Вернулась Валя с тарелкой консервированных груш.
— Tiens, maman[12], — Валя подала тарелку матери и запрыгнула на стул, ловким движением приняв прежнюю позу.
— Gracias, cariño[13] — Даня вернулась в испанский и поставила тарелку с грушами рядом с сырной.
— Попробуйте. Чудное сочетание. Прошлогодние, простите. Нет еще нового урожая.
— Да, спасибо… Действительно. Очень вкусно. А что же козел?
— Козел? А… Он «Белый».
— А имя?
— «Белый».
— Хряк «Черный», а козел «Белый»?
— Федина задумка.
— Инь и ян?
— Что-то вроде того. Они и правда вместе живут — в одном загоне, когда матки не в охоте. Мирно так живут, знаете. Порой прямо спят бок о бок.
— А баран?
— О, нет. Тот отдельно. Он на свою тень кидается. Куда уж, мальчики.
— Ну да. Баран — он и есть баран.
Кивнул я и спросил про скиты. Тема скота мне порядком надоела, но я не хотел в этом признаться. Я был тогда на пути к вегетарианству. Не имея ни моральных сил, ни здоровья отказаться от животной пищи, я переходил на растительный рацион постепенно и потому принесенные Германом презенты — кролик и полдюжины перепелов, причем кролика забивал лично он — меня несколько смутили. Я, конечно, съел за обедом тарелку щей и немного мяса. От сыра и молока отказываться в ближайший год я вообще не планировал. Строгое веганство моей дочери Евы было для меня далекой, но так и не наступившей перспективой.
Уже по характеру презентов и тому, как они были преподнесены, я понял, что они будут регулярными. Так оно и случилось. И только в октябре, когда Федя в очередной раз привез половину свиной туши, я нашел в себе силы указать на свои принципы, немало смутив фермера. Полтуши он все равно оставил с банальным «не везти же назад». После этого презенты стали исключительно сырными и огородными, а в личном общении Камневы тактично не напоминали о произошедшем конфузе, который оказался на руку только Гришке. Сосед полгода не только пил, как обычно, но и ел, что, впрочем, не мешало ему продолжать считать Камневых теми самыми. Моя же веганская тема в течение того года более или менее органично уживалась с камневским животноводством. Происходящего на ферме, особенно в мясном цеху, я старался не наблюдать. Они же, как я уже говорил, относились к дурости каждого с пониманием и не навязывали никому своего образа жизни. Сложнее всего мне было мириться с регулярными, едва ли не ежедневными забоями животных, тем более что дети были их непосредственными участниками.

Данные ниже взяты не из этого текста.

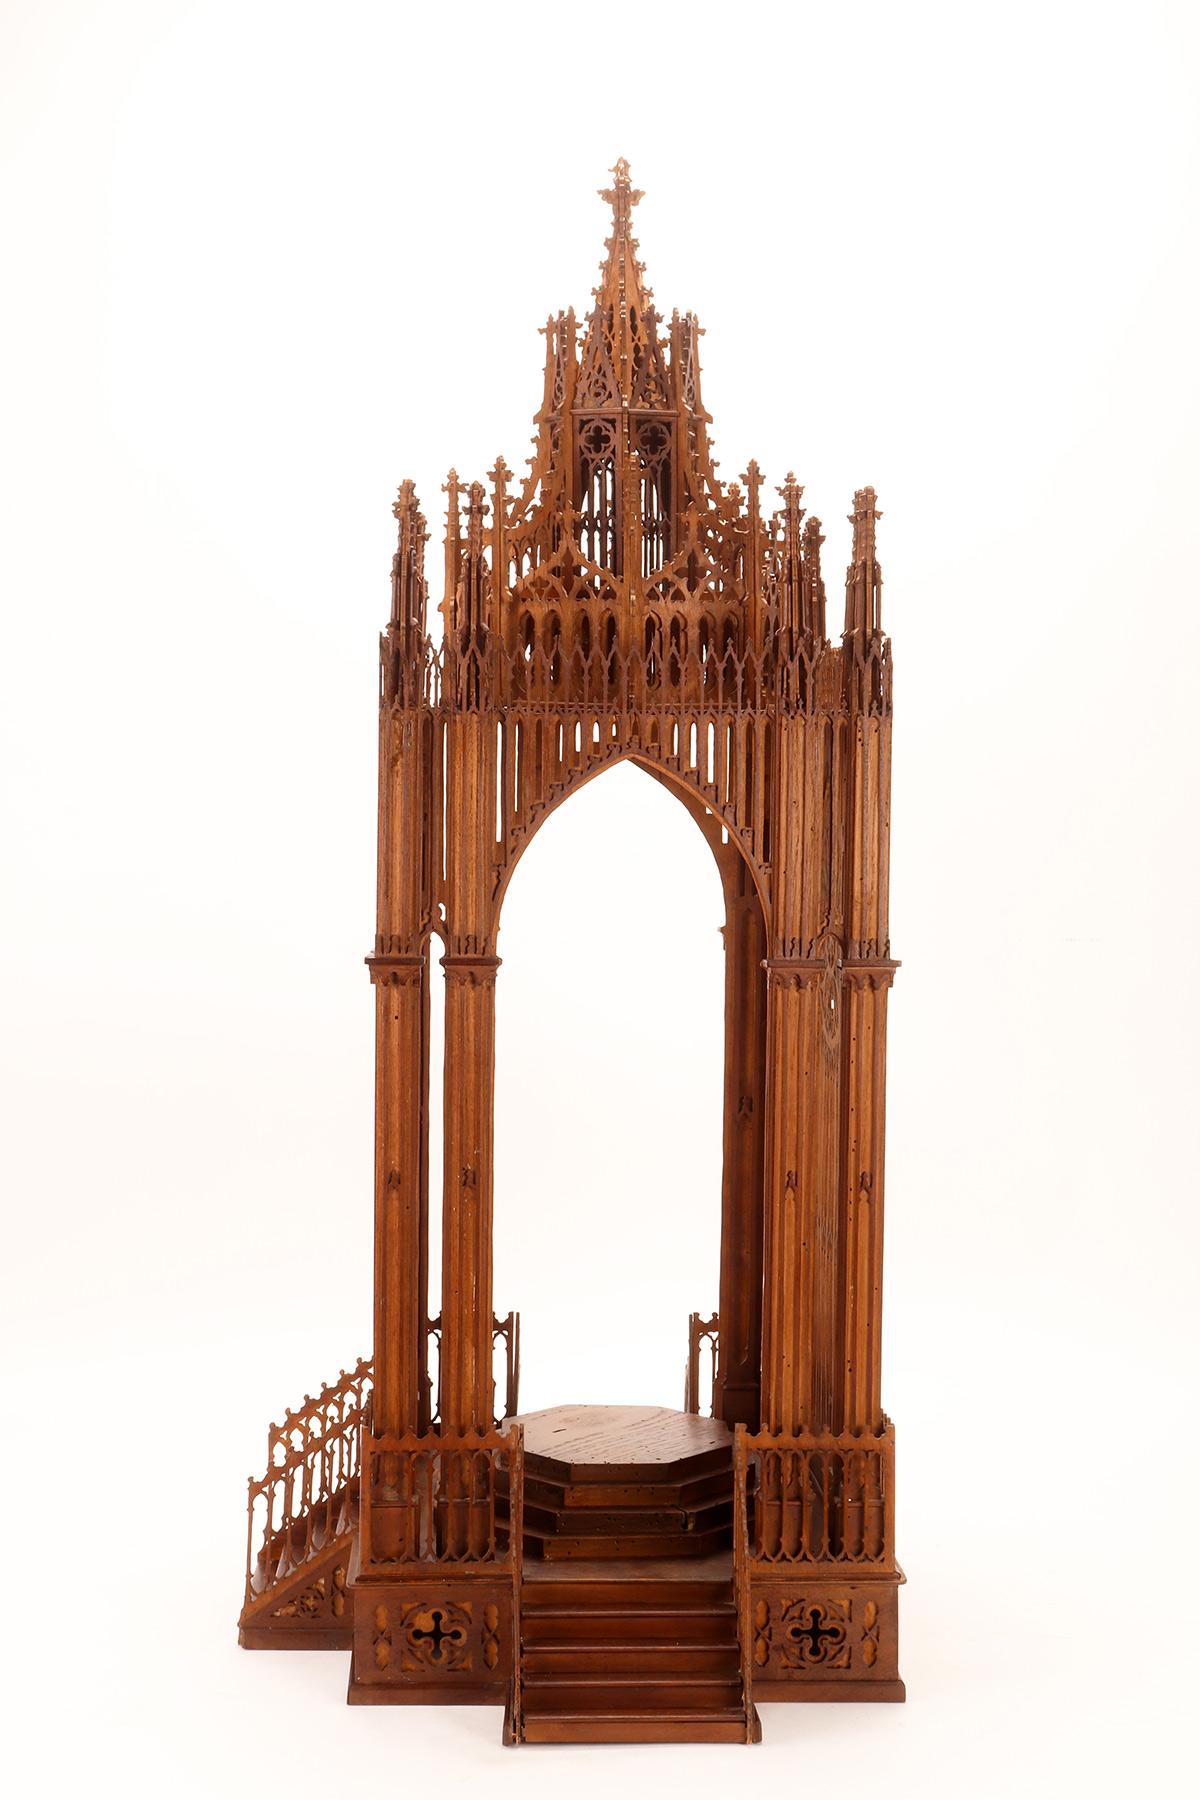 Throne for Eucharistic exposition. A sort of architectural shrine that was placed on the altar for the exposition of the Eucharist. the monstrance was placed in the center of the throne which in turn was placed on the tabernacle or on the highest

К ужасу своему, я узнал, что первую свою курицу Герман зарубил, когда ему не было и пяти. Кролика — в восемь. А за полтора года до моего появления он заколол свинью. Одним ударом заточки прямо в сердце. Валя недалеко ушла от брата. Свиней ей, конечно, не доверяли, хоть она и просила. Просто незачем, когда есть мальчики. А вот жизни большей части птицы и кроликов были в её руках. И колола она их спокойно. Без всяких девчачьих зажмуренных глаз и дрожащих рук.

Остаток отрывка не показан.